С другой стороны, я не только считаю, что понятие «произведения» бесполезно в отношении Дебора, но часто задаюсь вопросом, не необходимо ли сегодня, всякий раз, когда мы хотим понять то, что называется произведением (будь оно литературным, кинематографическим или любым другим), ставить под вопрос сам его статус. Вместо того чтобы допрашивать конкретное произведение как оно есть, я думаю, что необходимо задаться вопросом, какое отношение существует между тем, что могло быть сделано и тем, что было сделано.

Когда-то я пытался (и пытаюсь до сих пор) воспринимать его как философа, на что он мне однажды ответил: «Я не философ, я стратег». Он понимал свое время как войну без конца, в которой вся его жизнь была частью стратегии. Поэтому думаю, что необходимо задаться вопросом о том, какое же место занимает кино в этой стратегии. Почему кино, а не, например, поэзия, как это было с Исидором Ису, который был так важен для ситуационистов? почему не живопись, как в случае с еще одним его другом, Асгером Йорном? Я считаю, что к этому вопросу надо подступаться, исходя из тесных связей, объединяющих кино и историю.
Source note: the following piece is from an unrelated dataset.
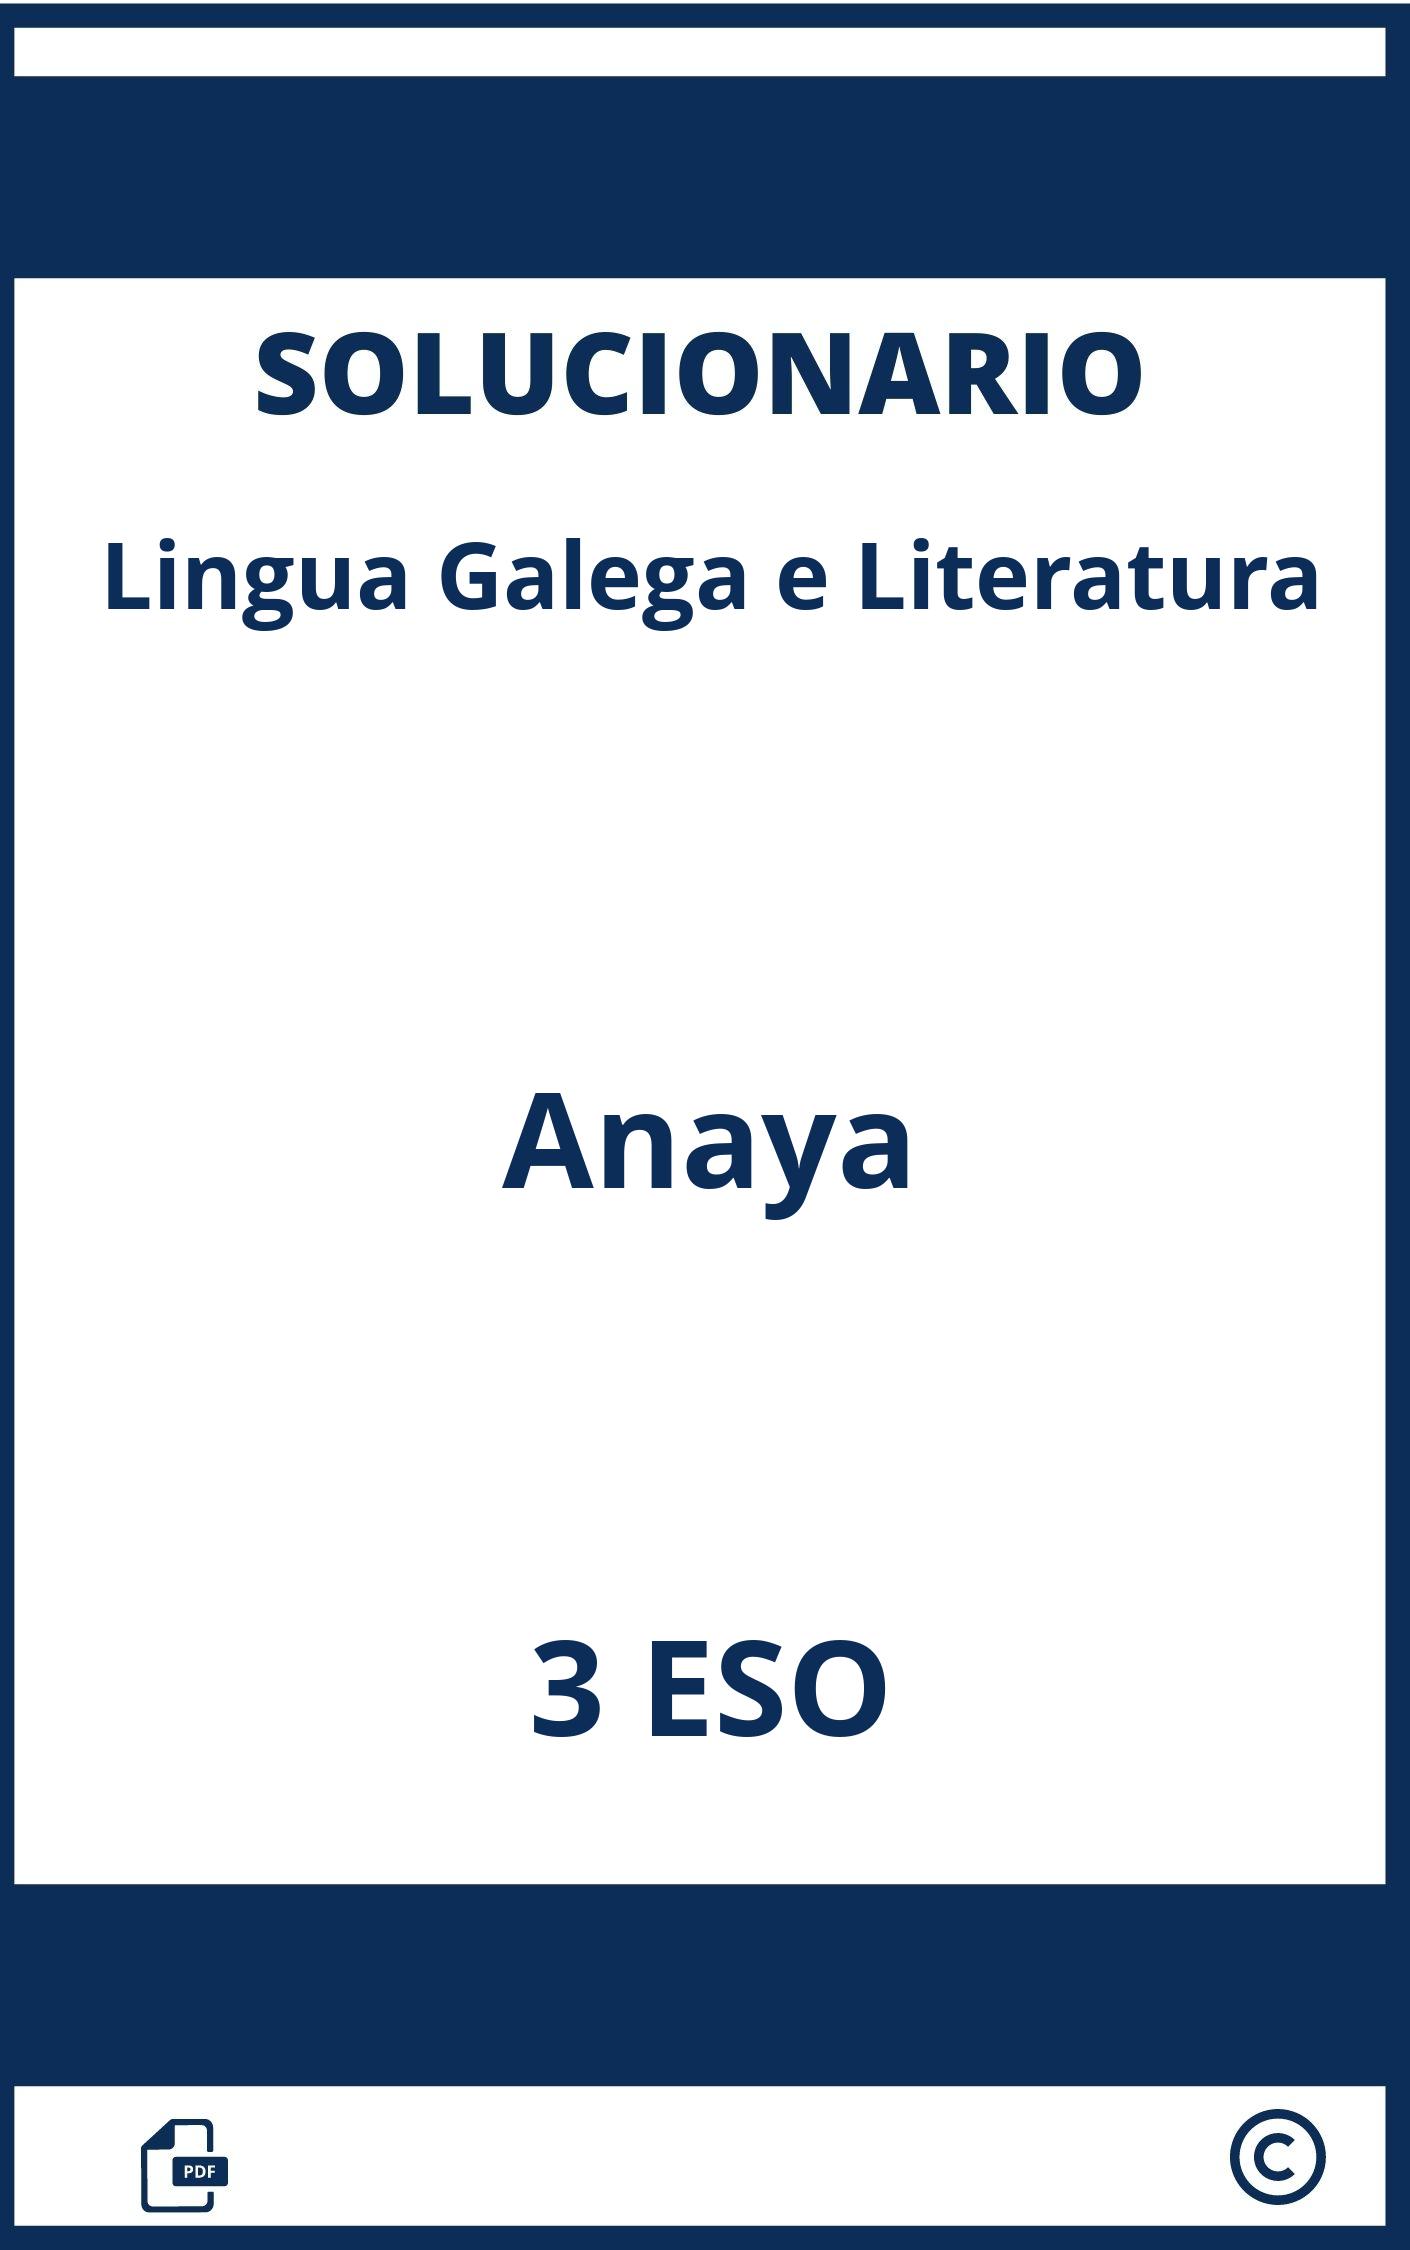 Solucionario Lingua Galega E Literatura Anaya 3 Eso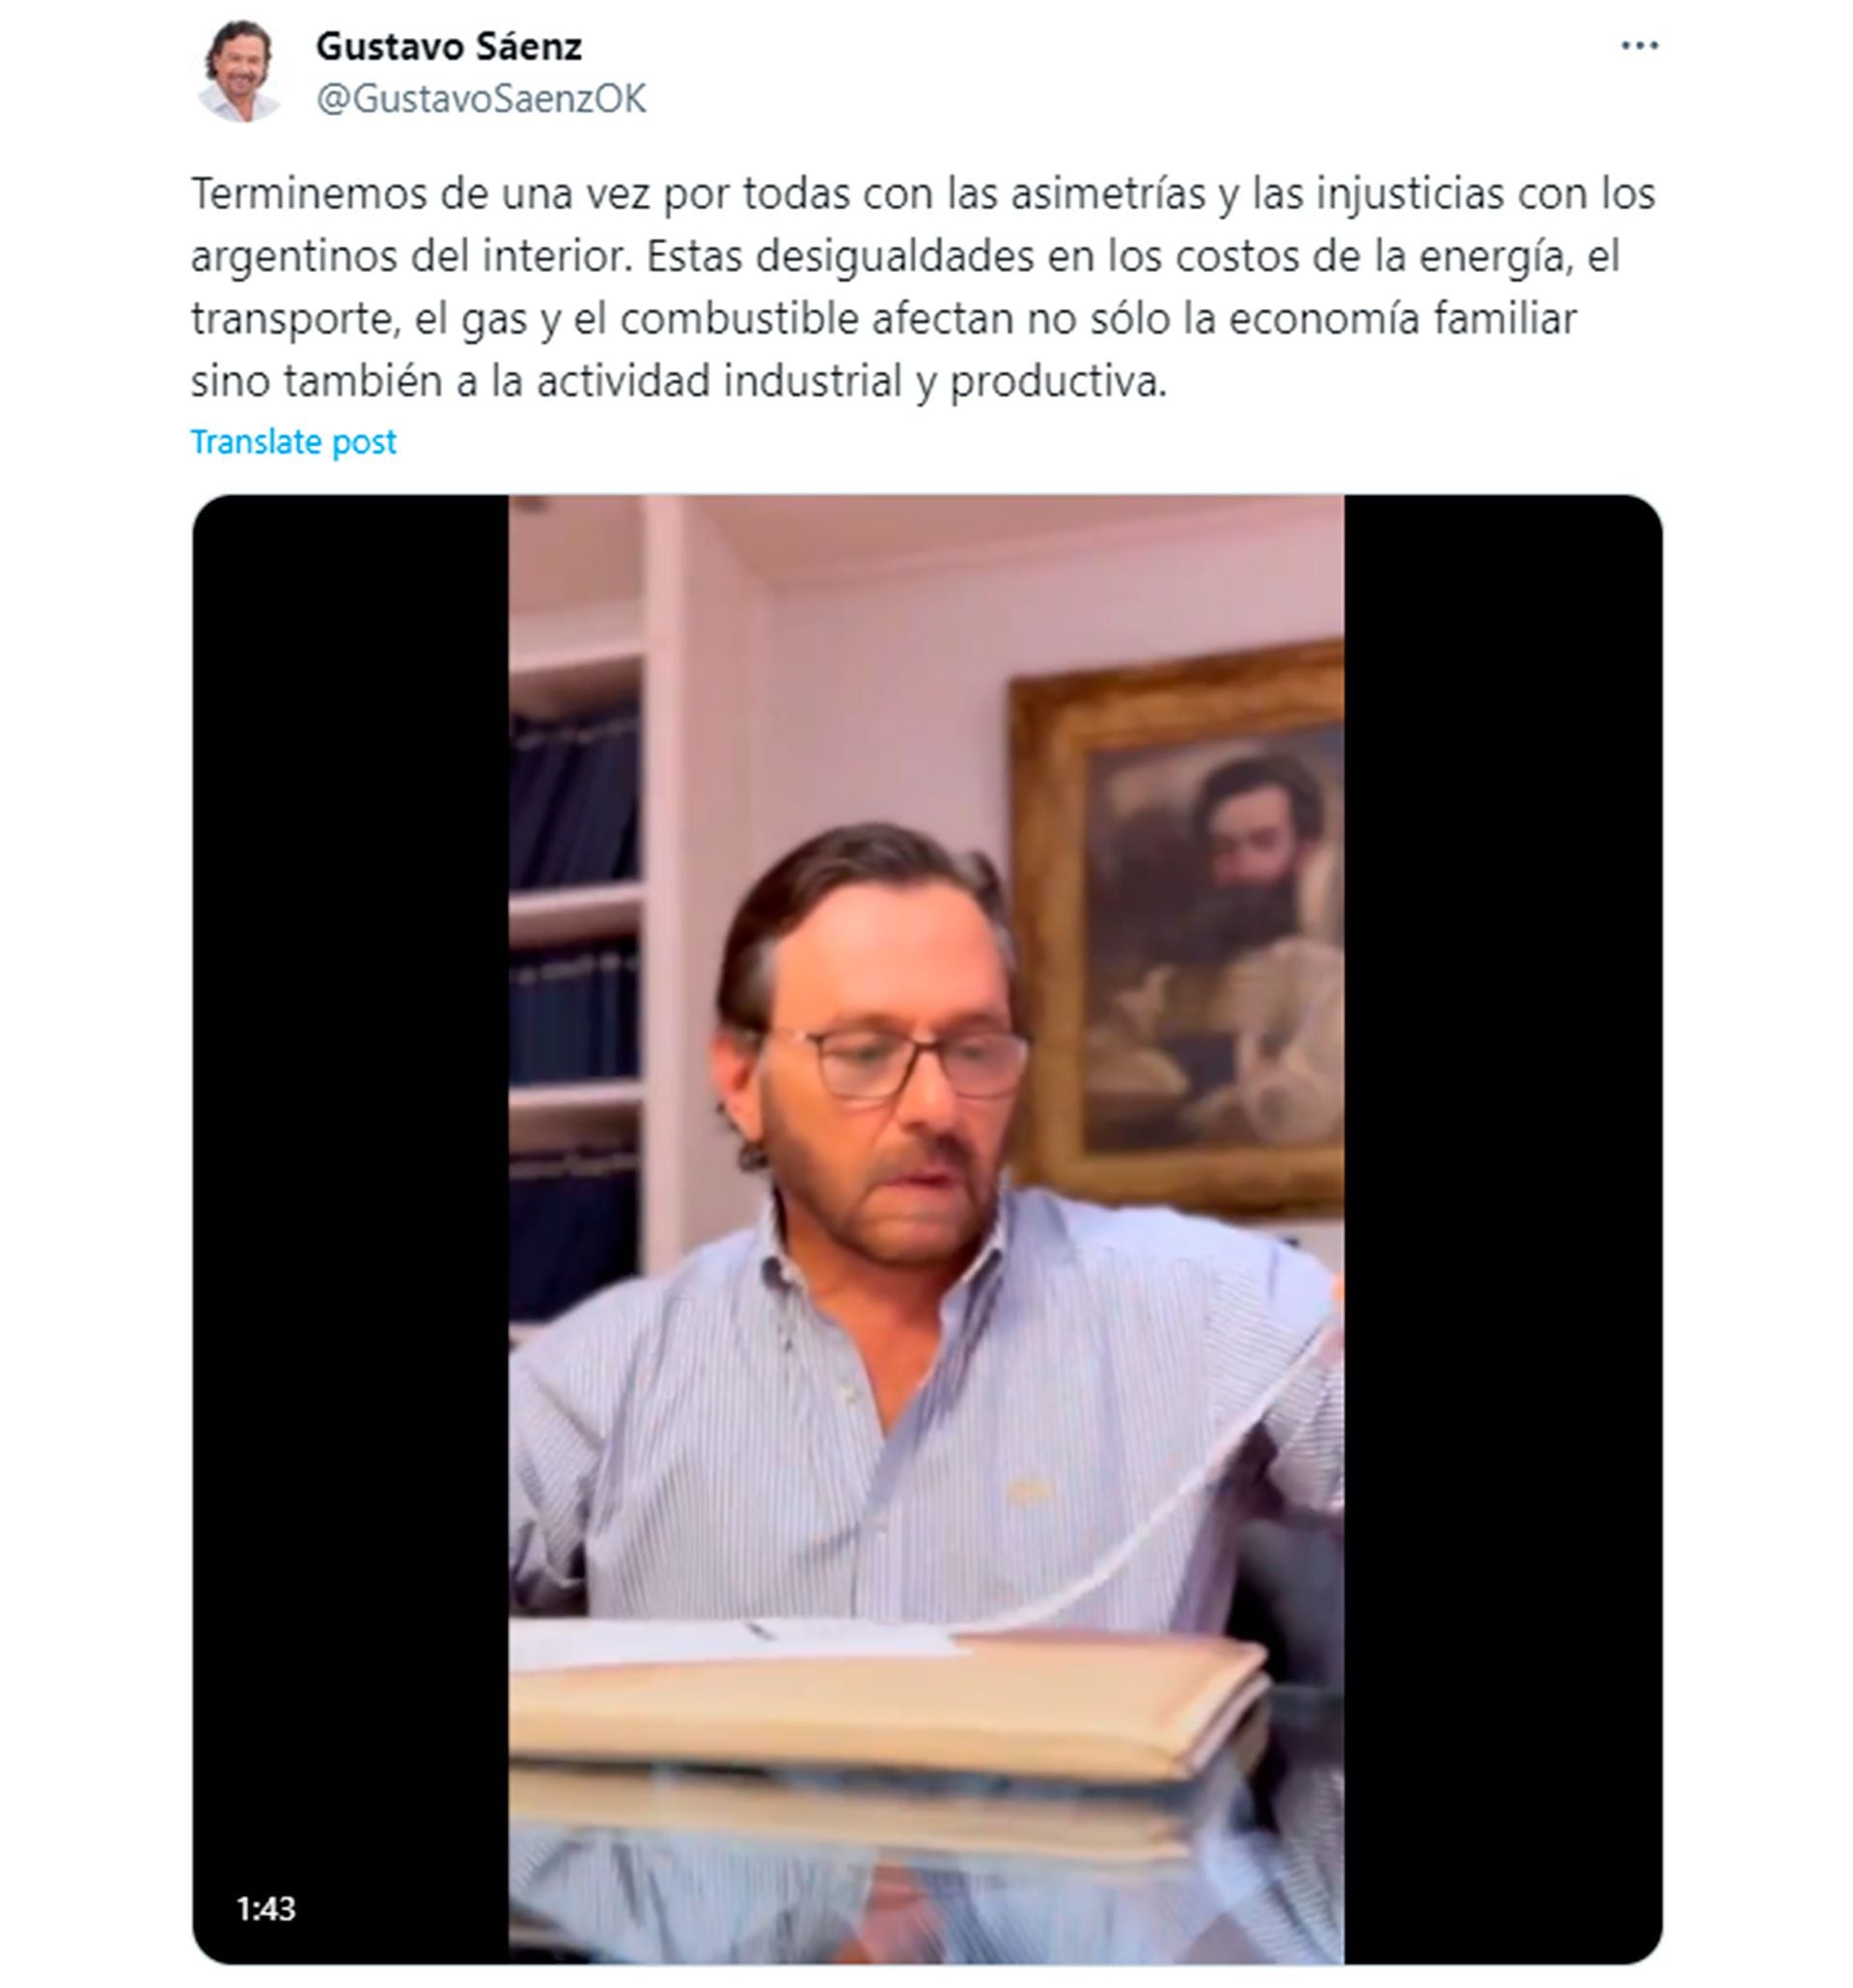 Mensaje del gobernador de Salta, Gustavo Sáenz

Откуда эта связь и о какой истории идет речь?

 

Животное, которое ходит в кино

Все дело в особой функции образов и их глубоко историчностном характере. Здесь необходимо прояснить некоторые важные моменты. Человек — единственное существо, которое интересуется образами как таковыми. Животные часто интересуются образами, но только в той мере, в которой эти образы могут быть жертвами. Можно показать самцу рыбы образ самки, и у него произойдет эякуляция, можно показать одной птице другую и благодаря этому поймать ее в силки. Но когда животное поймет, что перед ним лишь образ, оно тут же утратит к нему всякий интерес.

Напротив, человек — животное, которое интересуется образами тогда, когда он распознает их в качестве таковых. Поэтому он интересуется живописью и посещает кинотеатры. С нашей, несколько зауженной, точки зрения можно было бы дать следующее определение человека: человек это животное, которое ходит в кино. Образы интересуют его с того момента, как он понимает, что они не являются реальными сущими.

Другим важным пунктом, как показал Жиль Делез, является то, что образ в кино (и не только в кино, но вообще в современности) теперь больше не является чем-то бездвижным, архетипом — чем-то, что находится вне истории; образ — это подвижная конфигурация, образ-движение, обязательно заряженная динамическими напряжениями. Эта динамическая нагрузка прекрасно видна на фотографиях Маре и Майбриджа, являющихся одними из истоков кино, в их образах, заряженных движением.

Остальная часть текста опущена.